Geometric Image Editing via Effects-Sensitive In-Context Inpainting with Diffusion Transformers
Shuo Zhang, Wenzhuo Wu, Huayu Zhang, Jiarong Cheng, Xianghao Zang, Chao Ban, Hao Sun, Zhongjiang He, Tianwei Cao, Kongming Liang, Zhanyu Ma
TL;DR
GeoEdit advances geometric image editing by integrating a geometry-aware Geometric Transformation module and Effects-Sensitive Attention into a diffusion-transformer in-context inpainting framework. It enables precise object manipulation (translation, rotation, scaling) and photorealistic lighting/shadow effects, supported by RS-Objects, a large 120k+ dataset. Empirical results on GeoBench show consistent gains over prior methods in geometric accuracy, realism, and user-perceived quality, with theoretical support for ESA improving attention alignment. The approach offers a scalable, non-finetuning solution for complex scene editing with strong generalization to 2D and 3D transformations.
Abstract
Recent advances in diffusion models have significantly improved image editing. However, challenges persist in handling geometric transformations, such as translation, rotation, and scaling, particularly in complex scenes. Existing approaches suffer from two main limitations: (1) difficulty in achieving accurate geometric editing of object translation, rotation, and scaling; (2) inadequate modeling of intricate lighting and shadow effects, leading to unrealistic results. To address these issues, we propose GeoEdit, a framework that leverages in-context generation through a diffusion transformer module, which integrates geometric transformations for precise object edits. Moreover, we introduce Effects-Sensitive Attention, which enhances the modeling of intricate lighting and shadow effects for improved realism.

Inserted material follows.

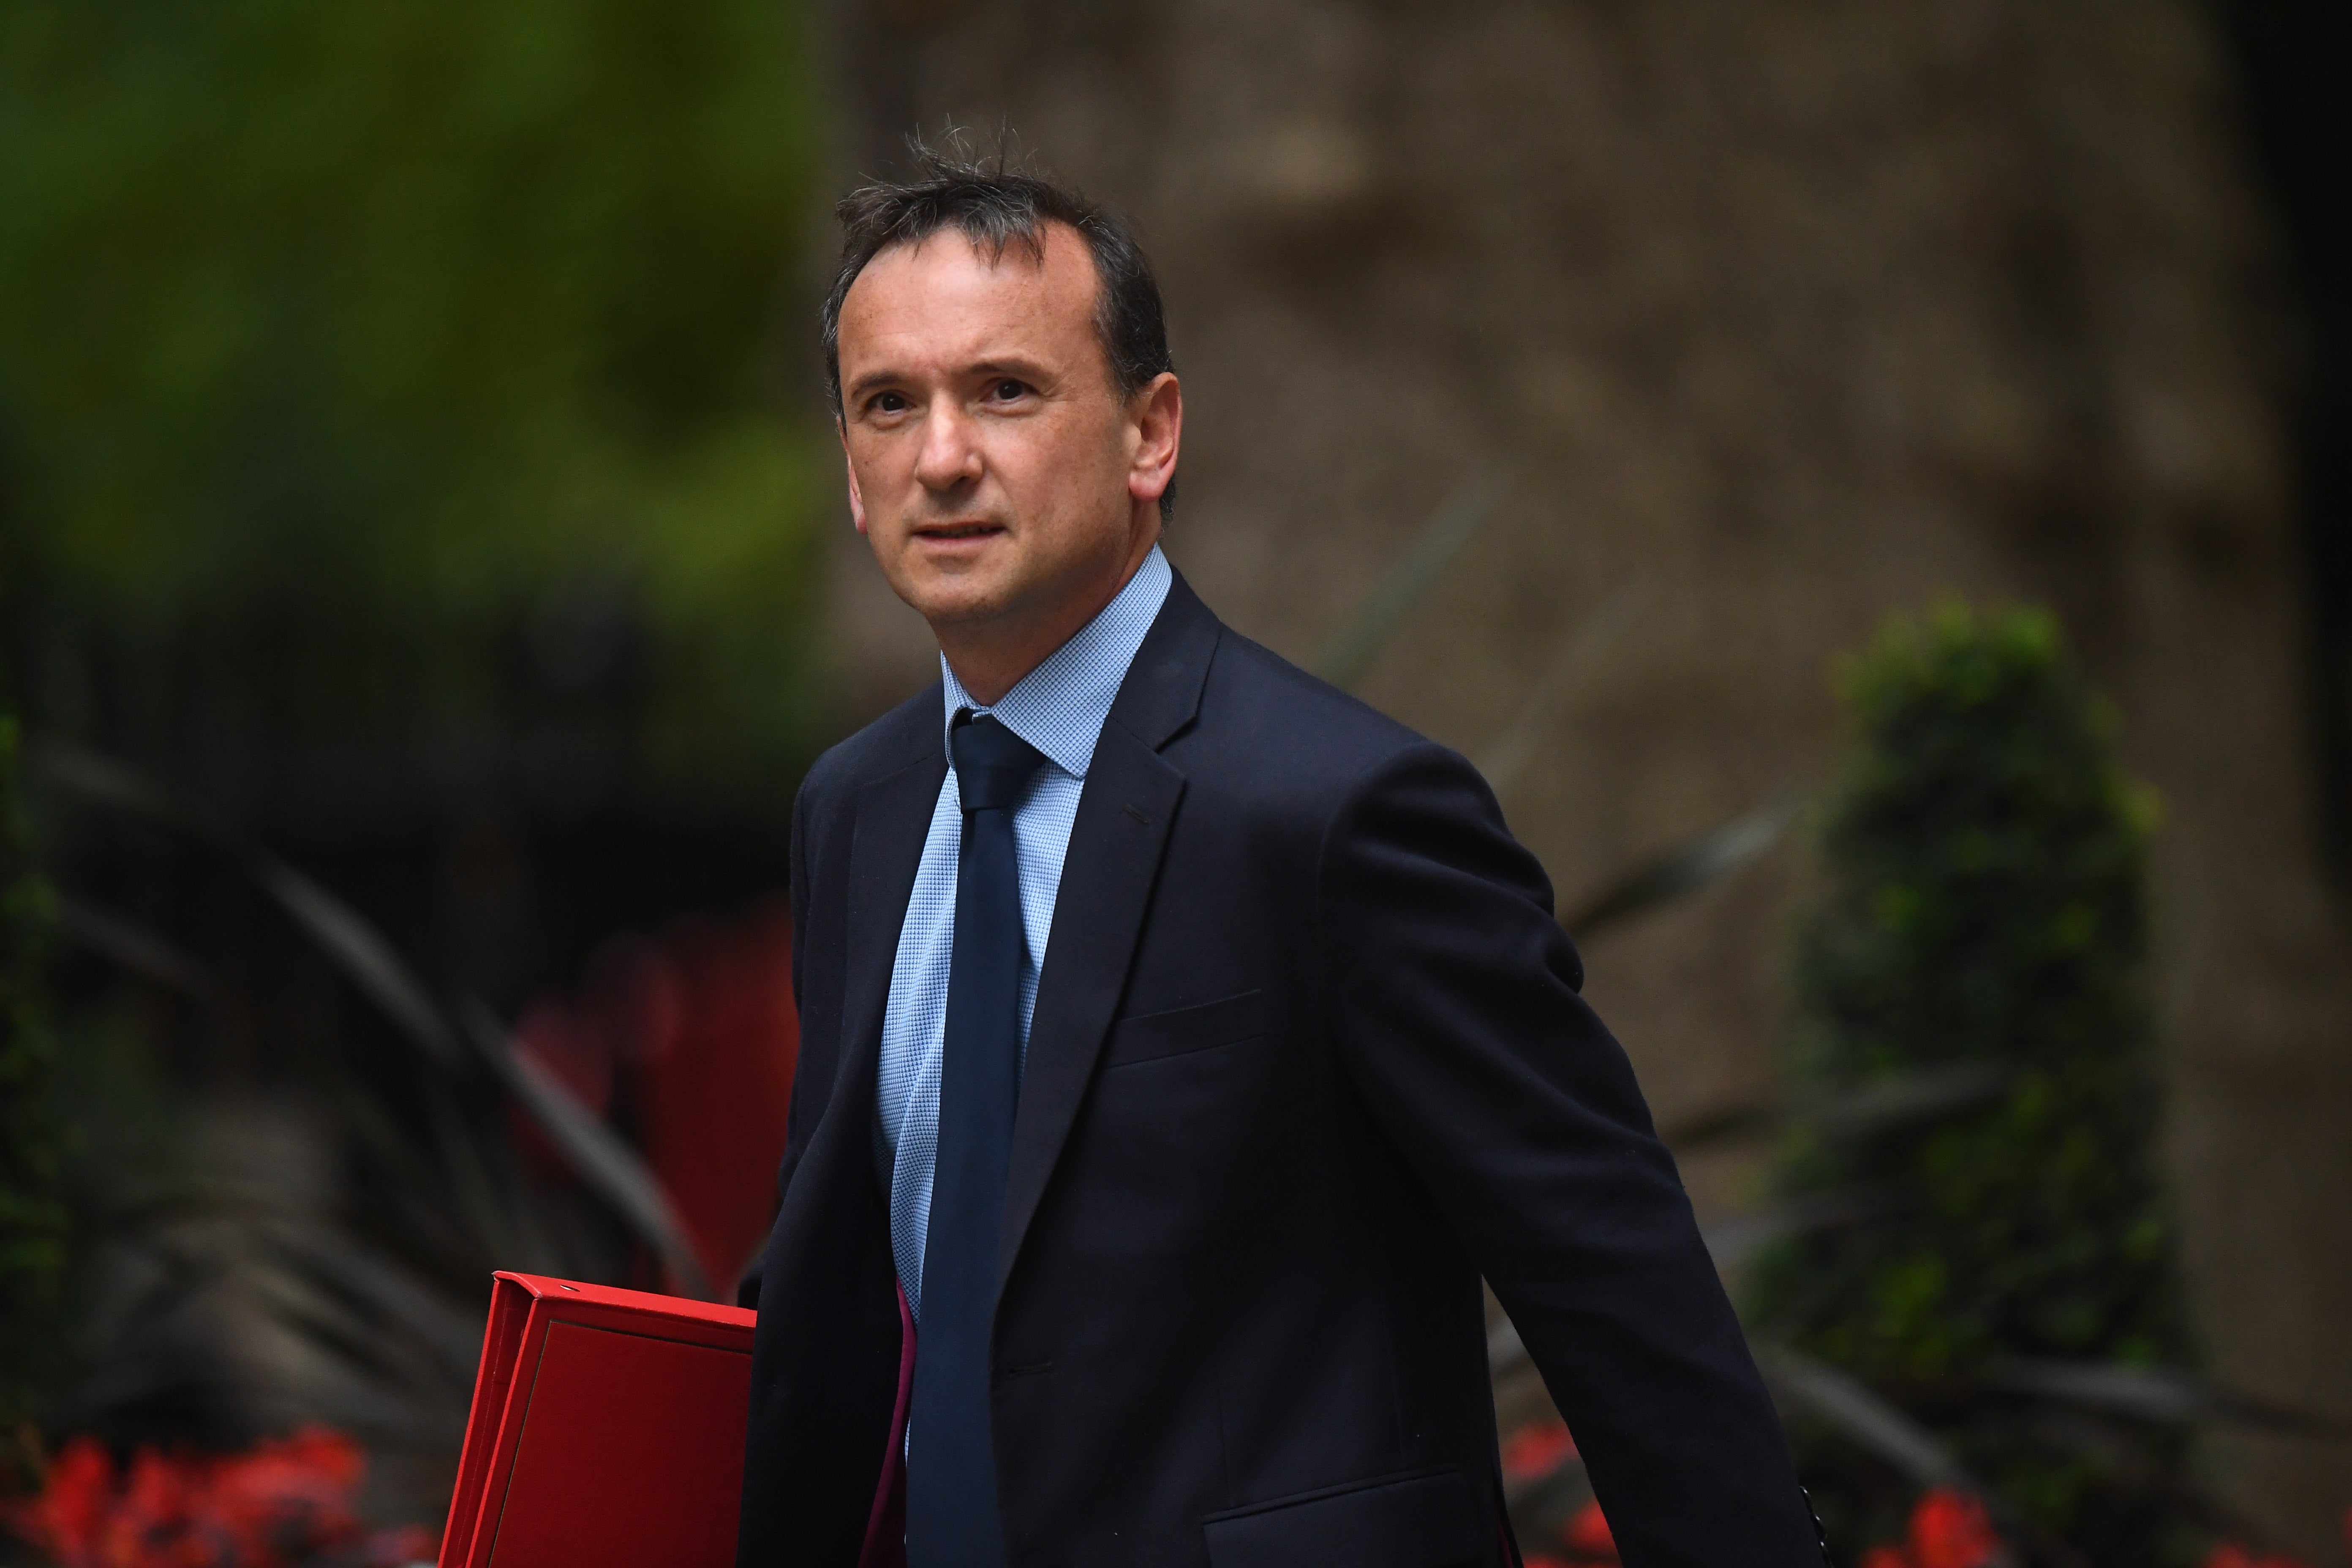 Alun Cairns has switched sides (Victoria Jones/PA)

To further support training, we construct RS-Objects, a large-scale geometric editing dataset containing over 120,000 high-quality image pairs, enabling the model to learn precise geometric editing while generating realistic lighting and shadows. Extensive experiments on public benchmarks demonstrate that GeoEdit consistently outperforms state-of-the-art methods in terms of visual quality, geometric accuracy, and realism.